The following figure shows the result on a log scale, plotted in the familiar form of a CDF and in a new form called a survival curve.

ax1 = plt.gca()
surv_km.plot(ls="--", color='C2', label="Survival curve")
h1, l1 = plt.gca().get_legend_handles_labels()
plt.ylabel("Probability of survival")
plt.xlabel("Survival time (months)")

plt.xscale("log")
labels = [1, 2, 5, 10, 20, 50, 100]
ticks = labels
plt.xticks(ticks, labels)

ax2 = plt.twinx()
ax1.tick_params(left=False, right=False)

cdf = surv_km.make_cdf() * 100
cdf.plot(color="gray", ls=":", label="CDF")
h2, l2 = plt.gca().get_legend_handles_labels()
plt.legend(h1 + h2, l1 + l2, loc="center right")
plt.ylabel("Percentile rank")

plt.title("Survival curve and CDF for patients with glioblastoma")
ax2.tick_params(left=False, right=False)
savefig('nbue5.png')

_images/8bf23a1369a6c5b32106685863bc947c62a346d07047e96664cba3b4aec35a37.png

surv_km.plot(ls="--", color='C2', label="Survival curve")

plt.xscale("log")
labels = [1, 2, 5, 10, 20, 50, 100]
ticks = labels
plt.xticks(ticks, labels);

decorate(ylabel="Probability of survival",
         xlabel="Survival time (months)")

savefig('nbue5a.png')

_images/c0bcf207772bc314583205ad134382814553823cfb7cc5f9d140dbda3c96ebe4.png

The survival curve shows the probability of survival past a given time on a scale from 0 to 1. It is the complement of the CDF, so as the CDF increases from left to right, the survival curve decreases. The two curves contain the same information; the only reason to use one or the other is convention. Survival curves are used more often in medicine and reliability engineering, CDFs in many other fields.

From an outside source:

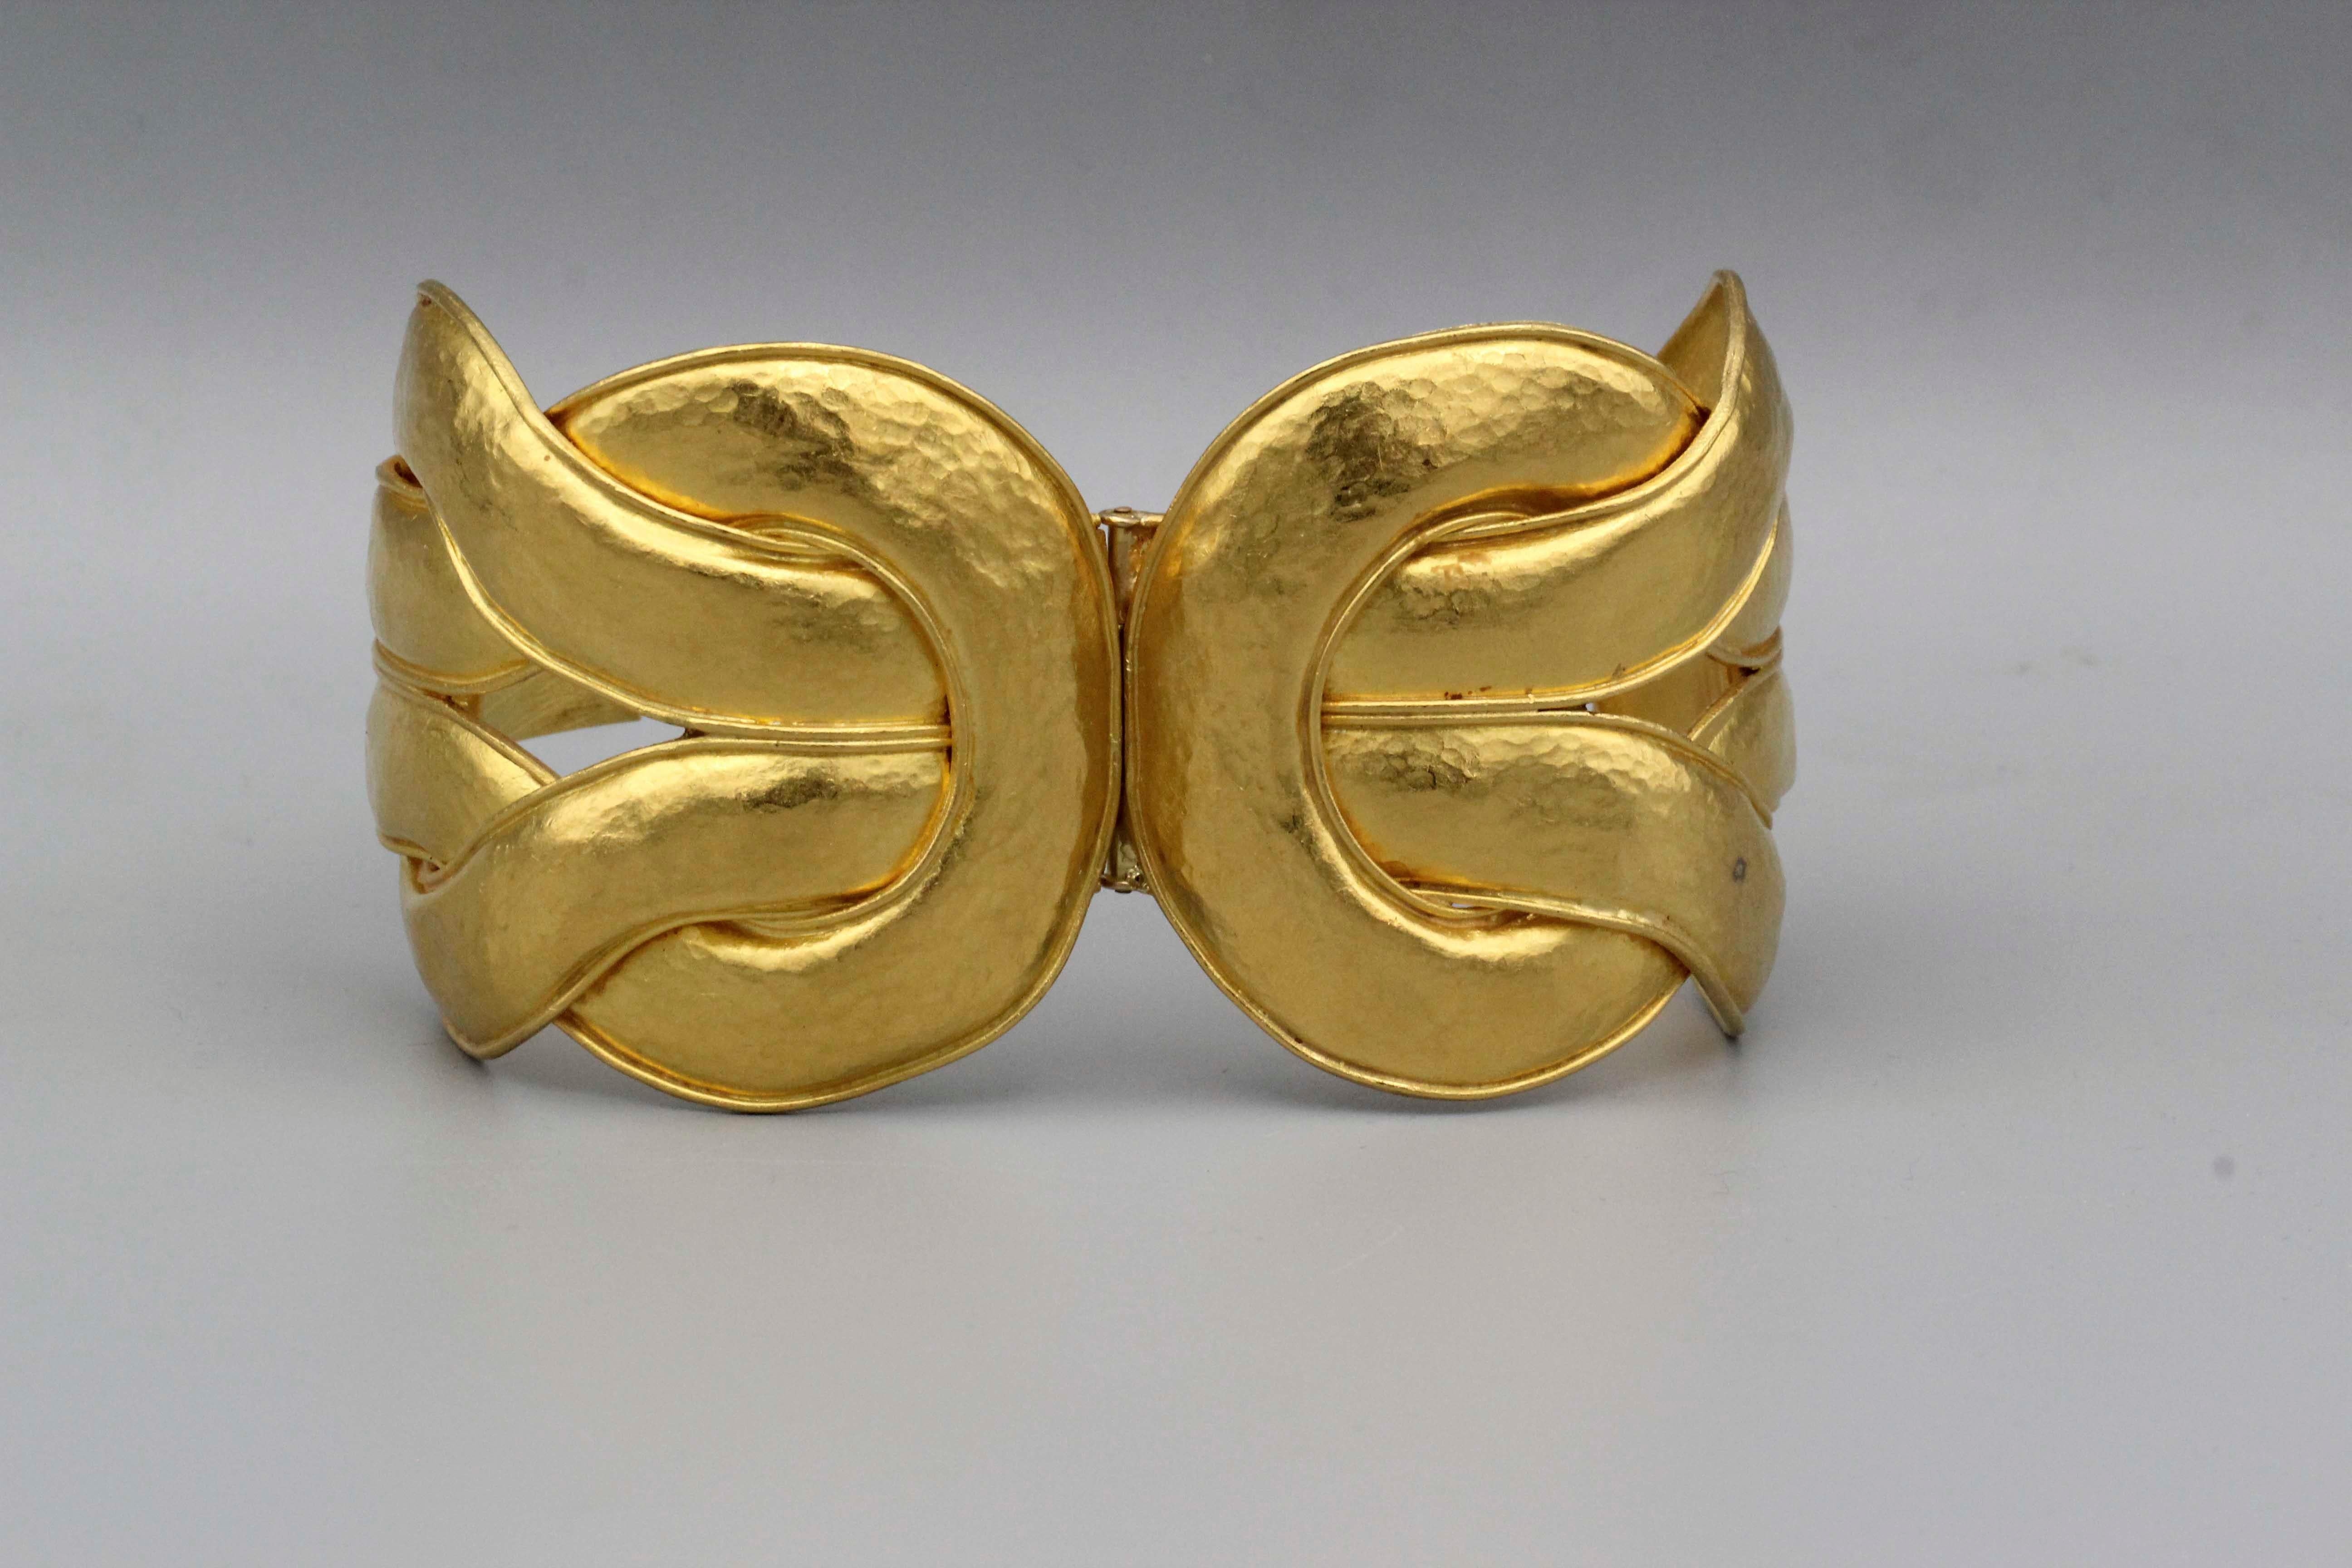 Women's Hilat 24k Yellow Gold Heracles Cuff Bracelet

One thing that is apparent – from either curve – is that glioblastoma is a serious diagnosis. The median survival time after diagnosis is less than 9 months, and only about 16% of patients survive more than two years.

Please keep in mind that this curve lumps together people of different ages with different health conditions, diagnosed at different stages of disease over a period of about 16 years. Survival times depend on all of these factors, so this curve does not provide a prognosis for any specific patient. In particular, as treatment has gradually improved, the prognosis is better for someone with a more recent diagnosis. If you or someone you know is diagnosed with glioblastoma, you should get a prognosis from a doctor, based on specifics of the case, not from aggregated data in a book demonstrating basic statistical methods.

surv_km(12), surv_km(24), surv_km(24)/surv_km(12)

(array(0.38549537), array(0.16368232), 0.42460256589027323)

As we did with light bulbs and pregnancy lengths, we can use this distribution to compute the average remaining survival time for patients at each time after diagnosis. The following figure shows the result.

from utils import remaining_lifetimes_pmf

np.random.seed(17)
qs = np.linspace(0, 165, 101)
rem_seq = []

for i in range(101):
    sample = brain.sample(frac=1, replace=True)
    observed = sample["observed"]
    duration = sample["duration"]
    surv_km, surv_high, surv_low = km_fit(duration, observed)
    rem = remaining_lifetimes_pmf(surv_km.make_pmf(), qs)
    # rem.plot(color="gray", alpha=0.01)
    rem_seq.append(rem)

def gray_box(x, x_max=170):
    """Make a gray box that spans the y-axis.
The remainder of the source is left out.